** Records to use follows **

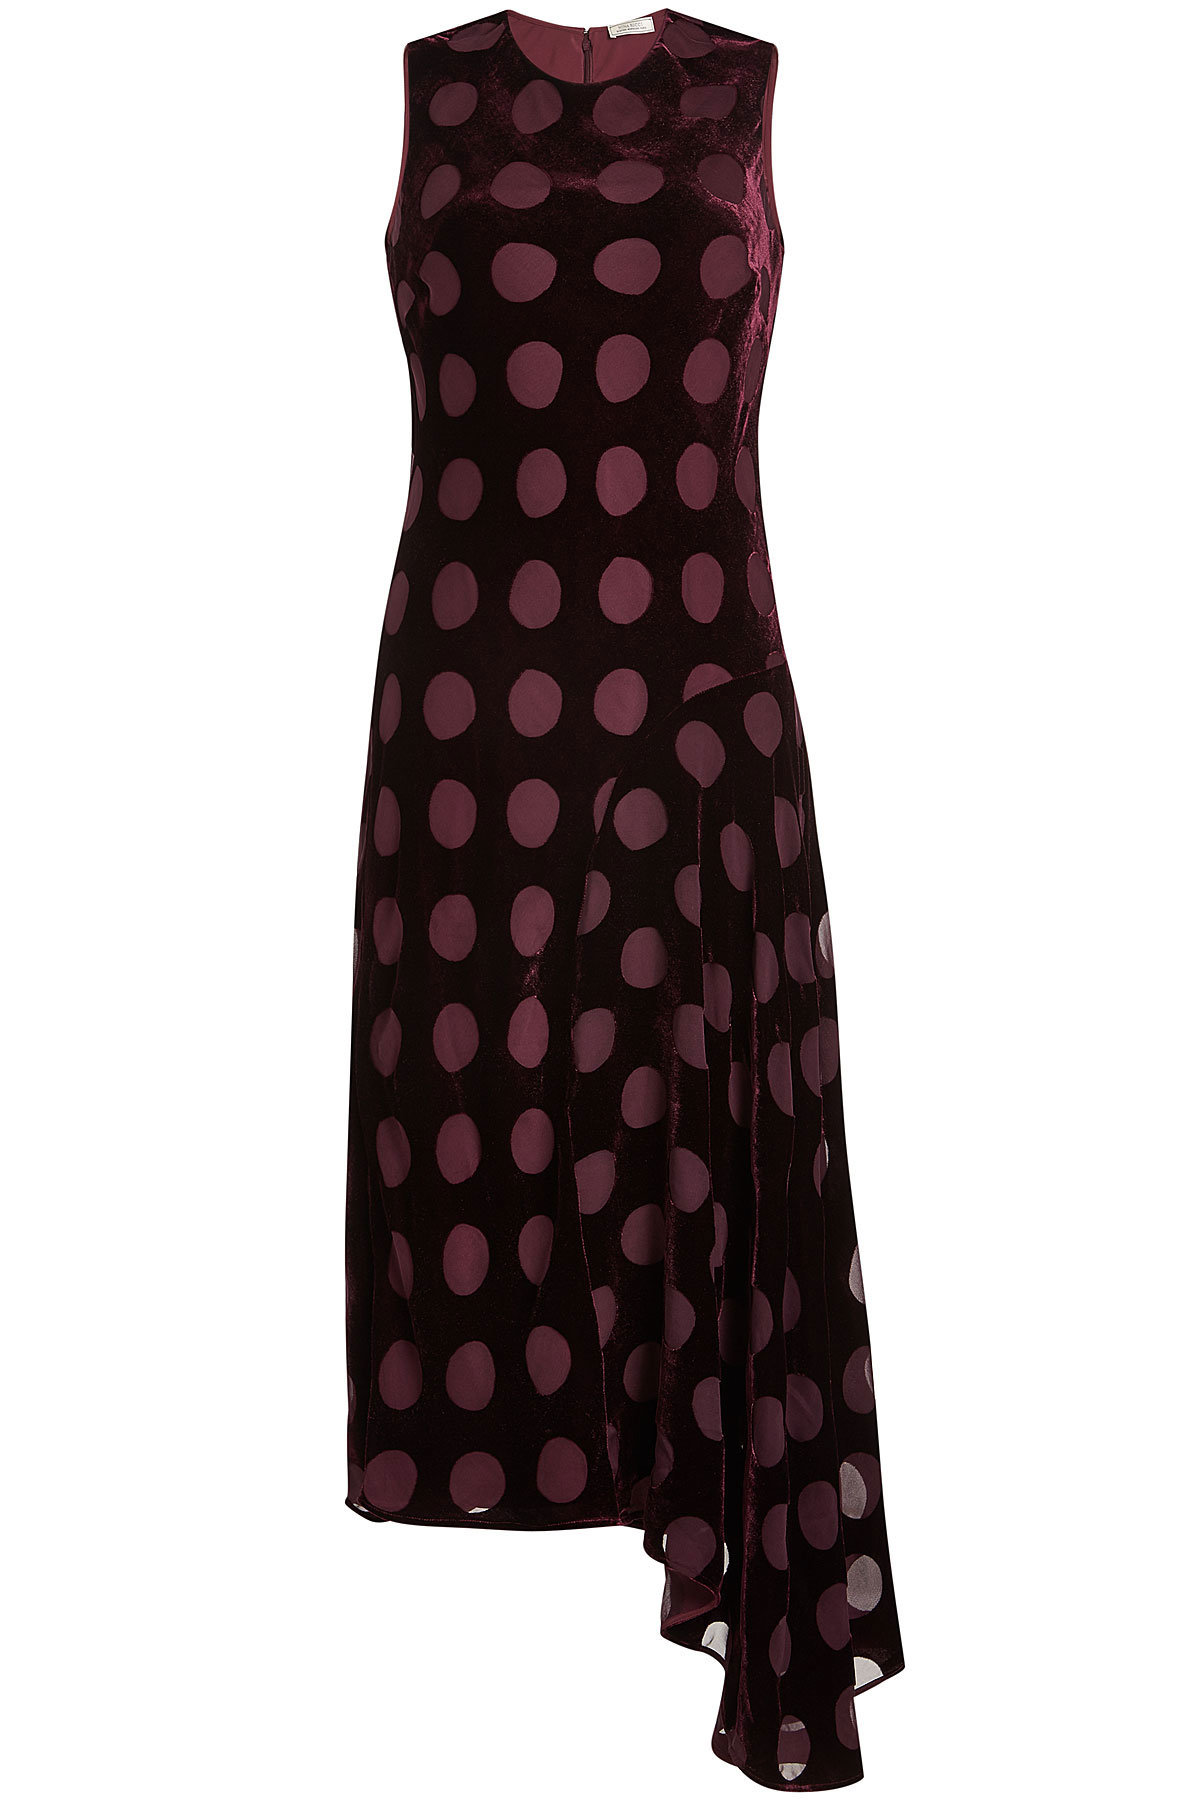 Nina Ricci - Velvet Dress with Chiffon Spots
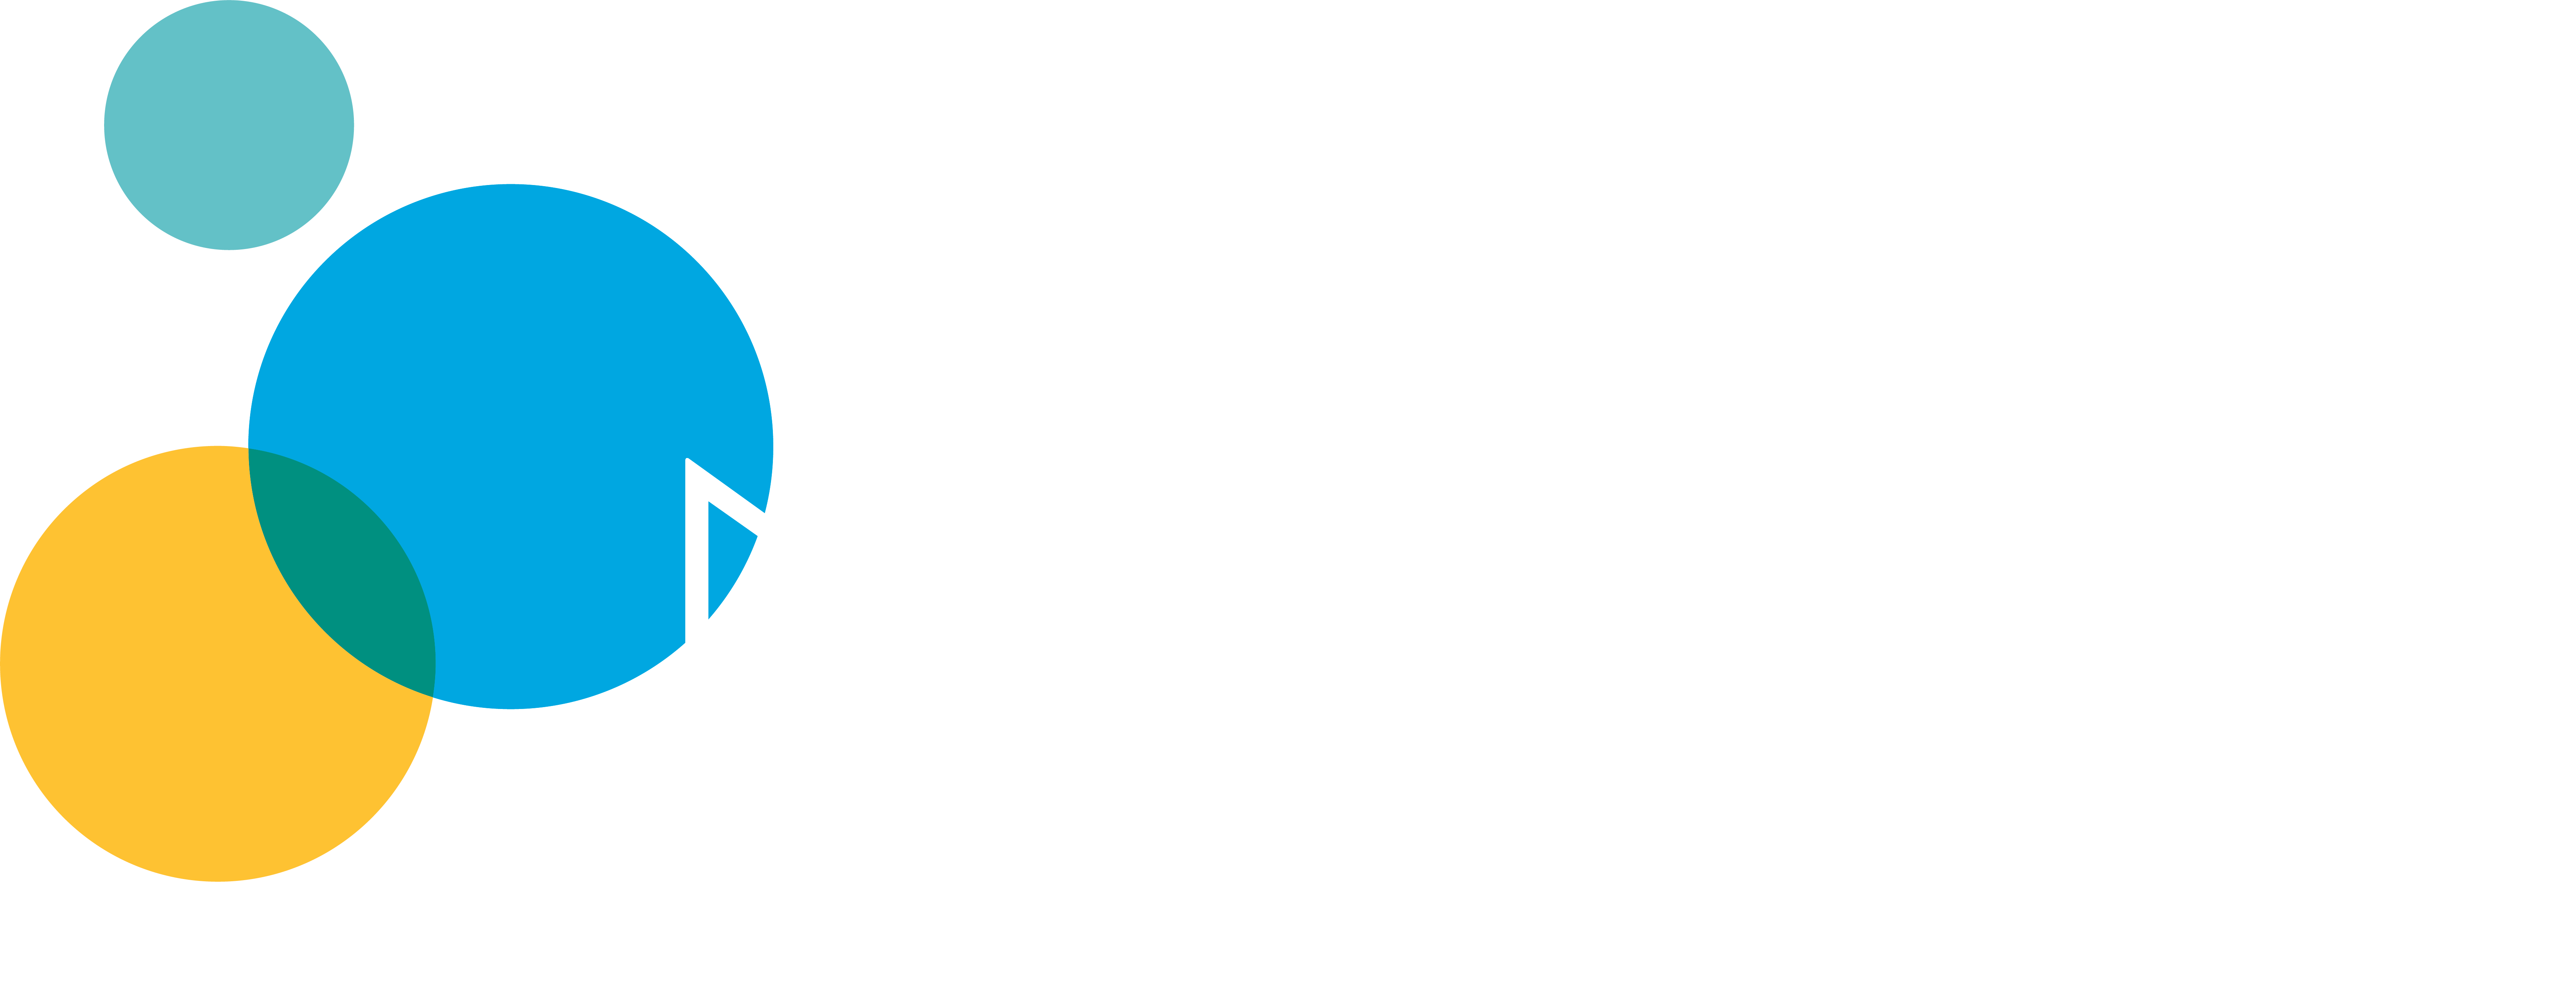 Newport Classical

** End of Records to use **
** Records to use follows **

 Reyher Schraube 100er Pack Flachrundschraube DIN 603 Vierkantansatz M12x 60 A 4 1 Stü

** End of Records to use **

## [Task goal]
Using the entries above, write out exactly the lines from the one with "Nina Ricci - Velvet Dress with Chiffon Spots" through the one with "Newport Classical", ends included. Leave out any pictures.

## [Reply to the exercise]
 Nina Ricci - Velvet Dress with Chiffon Spots
 Newport Classical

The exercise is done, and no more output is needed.